The talent math in fintech is brutal. A senior ML engineer with financial-services compliance experience costs three hundred thousand fully loaded in Hong Kong or Singapore, four hundred in London or New York. A compliance-savvy prompt engineer who understands HKMA cloud-risk circulars does not exist as a job title yet, which means you are hiring one of each and hoping they collaborate. Add a data engineer who has built audit trails for a regulator and you are at a million in headcount before the first agent ships.
For a Series A fintech that is somewhere between three and twelve months of runway gone on a team that will spend the first quarter writing the architecture rather than the agents. The fractional model collapses that. You hire the architecture, the operators, and the implementation as a single line item on a monthly retainer. The team has already built audit trails for regulators. The team has already mapped data flows for cross-border SE Asia operations. The team has already shipped on-device installs at HKMA-regulated balance sheets.
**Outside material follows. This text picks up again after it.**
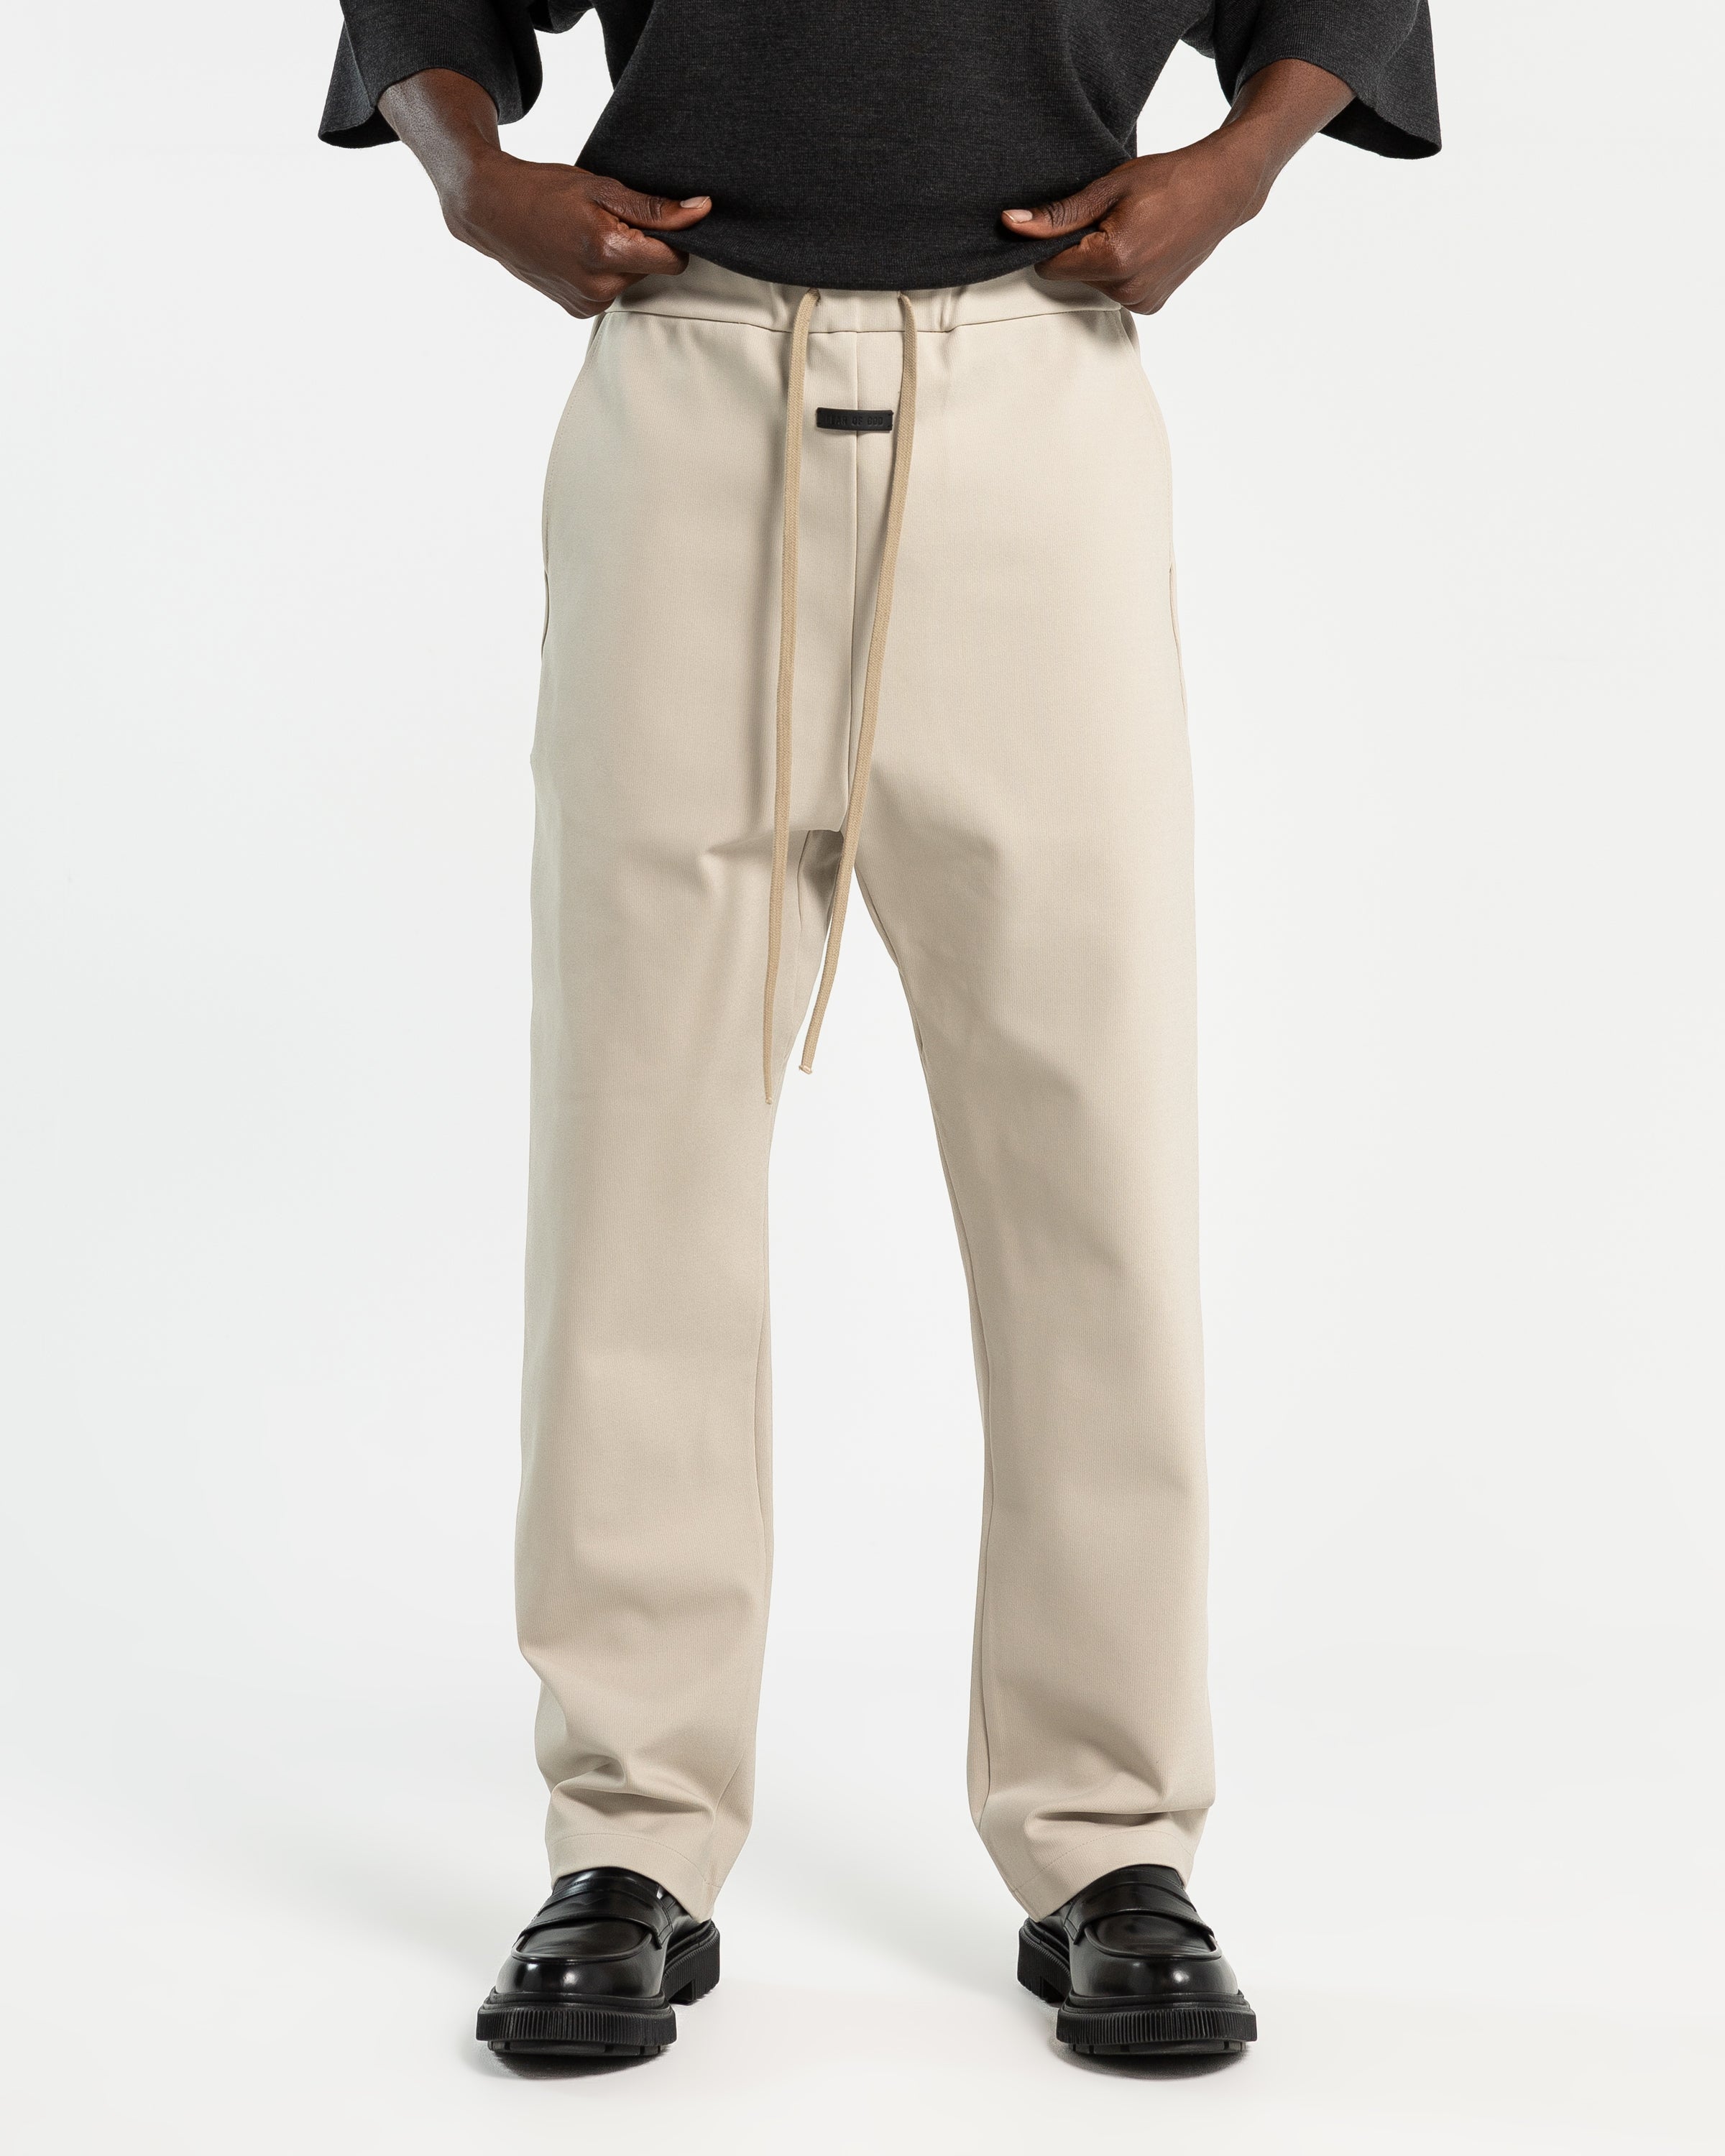 Viscose Tricot Relaxed Pant in Cement

The other shape that does not work is the consultancy model. A traditional fintech consultancy writes you a deck, charges six figures, hands off a roadmap, and leaves. You still do not have a working agent. The fractional model is the opposite. We write the architecture, we install the stack, we run the workflows, we hand audit reports to your compliance officer, all on the same retainer. There is no handoff cliff because there is no handoff. The operator who designed the system is the operator running it on Tuesday.
That is the fit. Funded fintechs under fifty employees do not have time to assemble an internal AI team and cannot afford one even if they did. They need departments that ship work, not roadmaps. They need architecture that respects the balance sheet, not architecture borrowed from a SaaS playbook. They need an operator on the other end of a Slack DM at 2pm Hong Kong time when the regulator asks a question. Fractional delivers all three.
Real engagements, real regulatory surfaces.
Union Bank of the Philippines is the biggest reference point on our balance sheet. The work spans content velocity, ops support, and integration design across a regulated banking environment with BSP oversight. Anything we ship inside a bank that size goes through three layers of compliance and security review before a single agent moves into production. That posture transfers to every fintech we work with after, which is why our compliance baseline starts higher than the typical AI agency.
On the on-device side, the pattern we run most often in fintech is a credit-memo copilot or a KYC reviewer-assist agent. The credit-memo flow reads internal underwriting history, transaction patterns, and customer correspondence to draft a memo for a credit officer to review. The KYC flow reads onboarding documents, runs the sanctions-list match, and ranks the case for a human reviewer. Both run on hardware inside the customer perimeter. Neither sends a byte of customer data to a third-party API. Officers cut memo drafting time from forty minutes to six. KYC reviewers triage three times more cases per shift.
On the cloud side, the pattern is B2B sales for fintechs selling into banks or asset managers. The prospecting flow does not touch any customer PII because the buyers are enterprise procurement teams, not retail customers. Outbound runs at the same volume and reply rates as our SaaS engagements: five hundred personalized touches a day, four to five percent reply rate, twenty to forty warm conversations a week. The compliance posture stays clean because the data in scope is your own ICP, not anyone is balance.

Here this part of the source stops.